Bro that’s woke CRT socialist ideology. You need to wean yourself off that fake lived experience and become a self reliant MAN WHO DEFENDS FREEDOM.
I think this is the first time I’ve ever seen H referred to as “bro”.
I guess your publication has finally reached the finance bros. Yay….
I get recognize the sarcasm now that I’ve read the other comment.
Yeah, definitely sarcasm there.
Of the total 147K, 58K is healthcare and social services, and 73K is government (state and local). How unproductive [imagine drippy sneer here].
A little color from a regular person: assuming teachers are categorized as state government employees, many teachers change jobs this time of year, creating the appearance of job gains. I suppose some new teachers are joining the workforce but the data on people entering the teaching field suggests that is not a robust pipeline of new worker bees.
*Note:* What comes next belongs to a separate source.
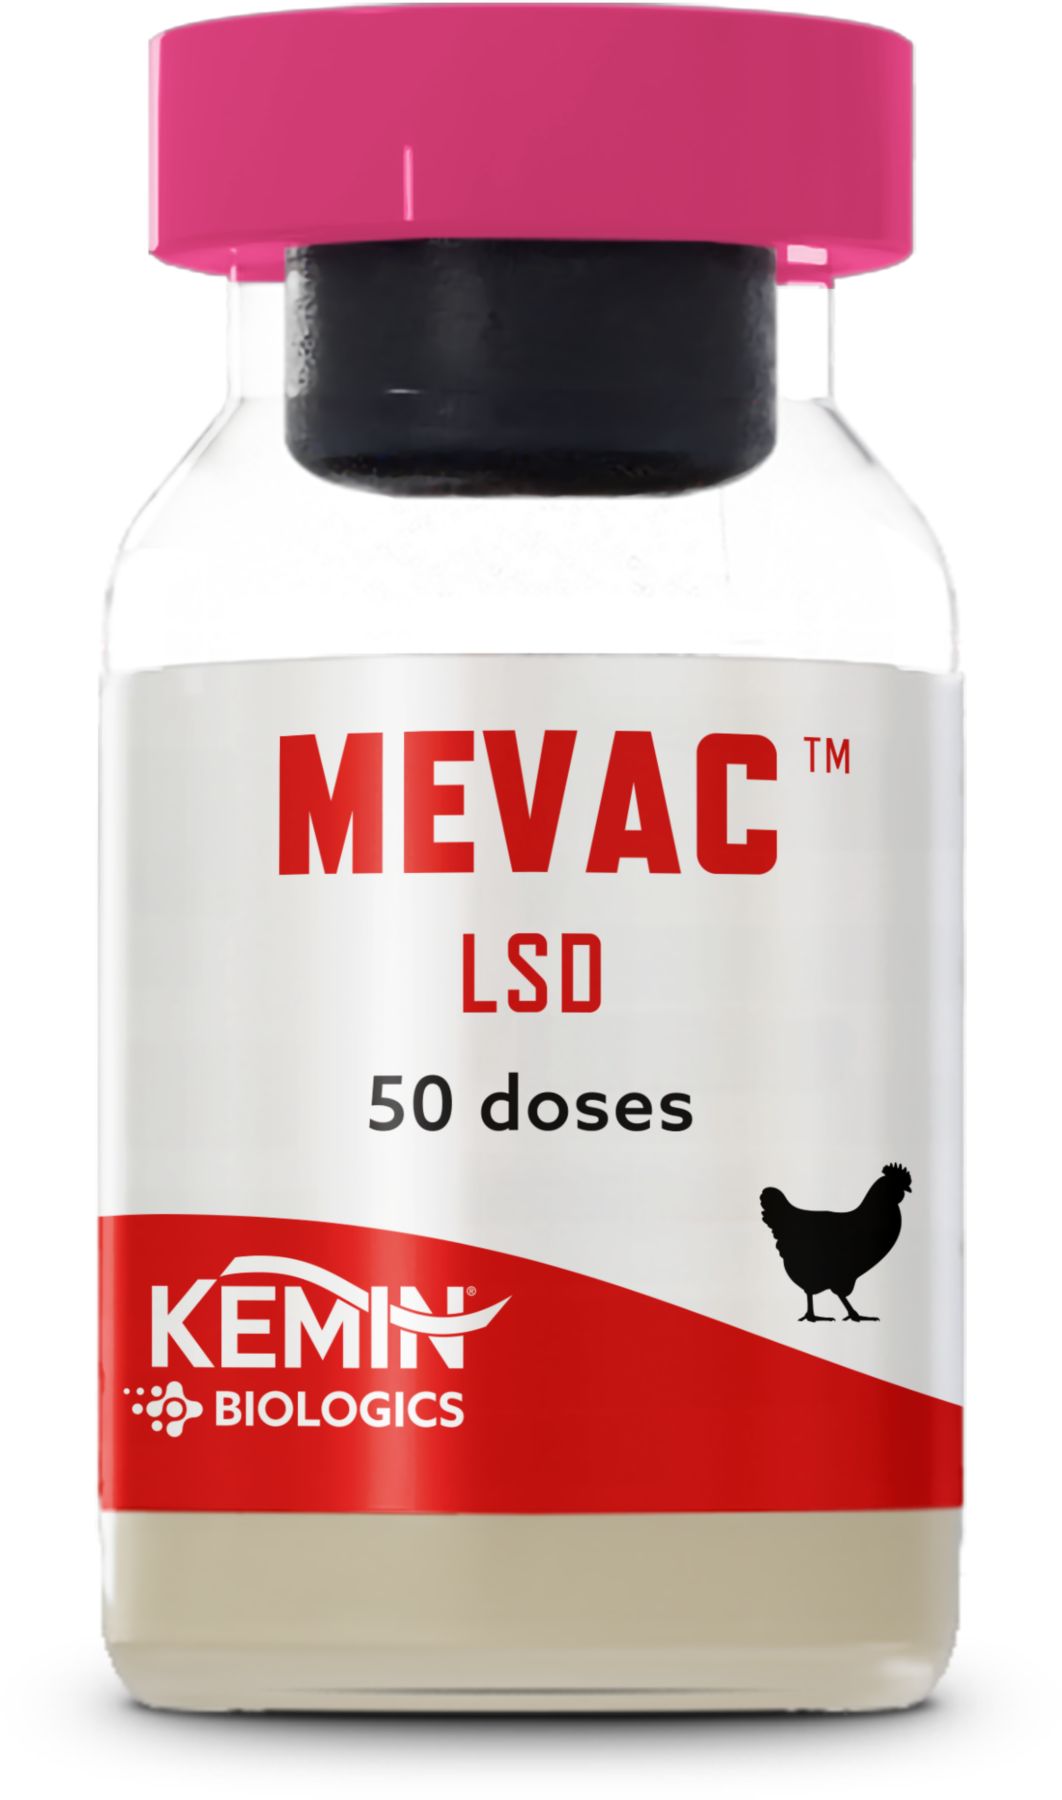 MEVAC LSD small label mockup
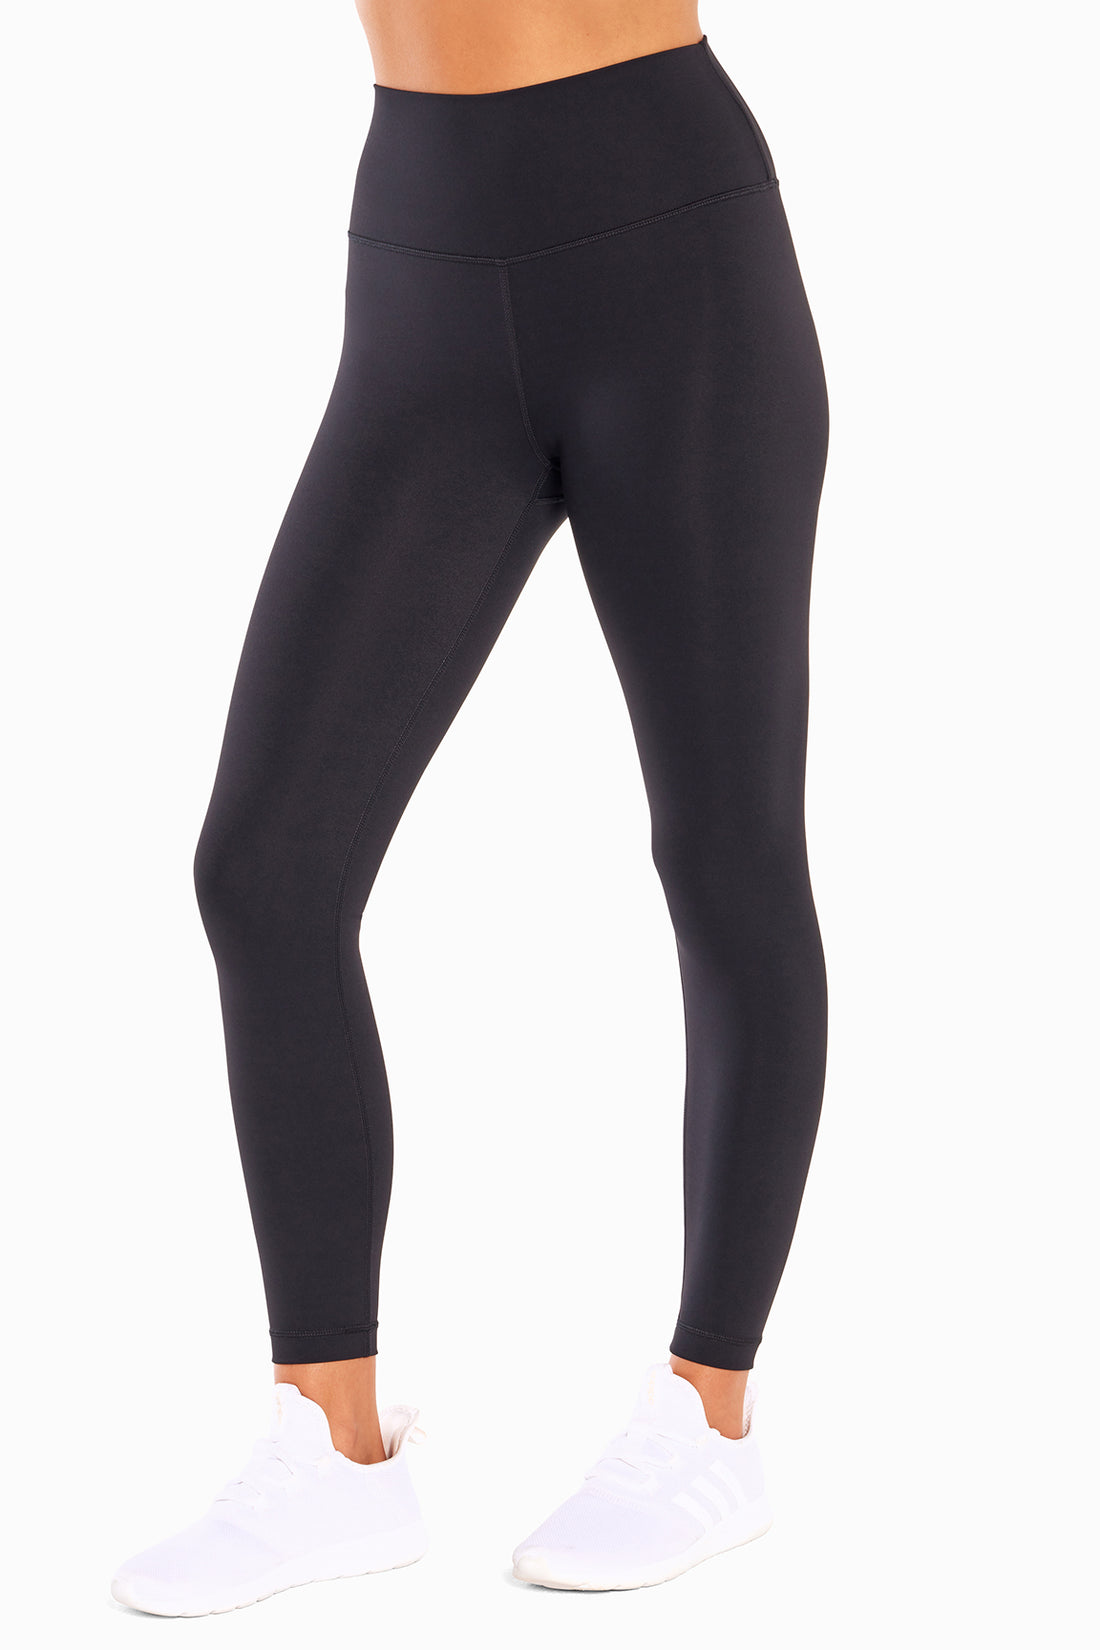 TSLA Women's Capri Yoga Leggings, Mid/High Waist Tummy Control Workout  Leggings, Athletic Yoga Trousers Pants, Capris Pocket Peachy Dark Plum, XS  : : Fashion

Also, many nursing undergrads are entering the workforce right now, including my niece and everyone in her graduating class. They are all getting scooped up. So prob some seasonality to the healthcare contribution, though not sure if that’s accounted for in their made up guesstimate.
State and local govt specifically education was a big increase. That is likely a seasonal adjustment error. The fomc is going to sleepwalk us into a slowdown.
The report was below average.
The fomc with solid support from the Trump administration, you must mean.
H-Man, once Powell sees the NFP print in the low 5 digits or below, he will move the rates down while navigating the tariff chop suey.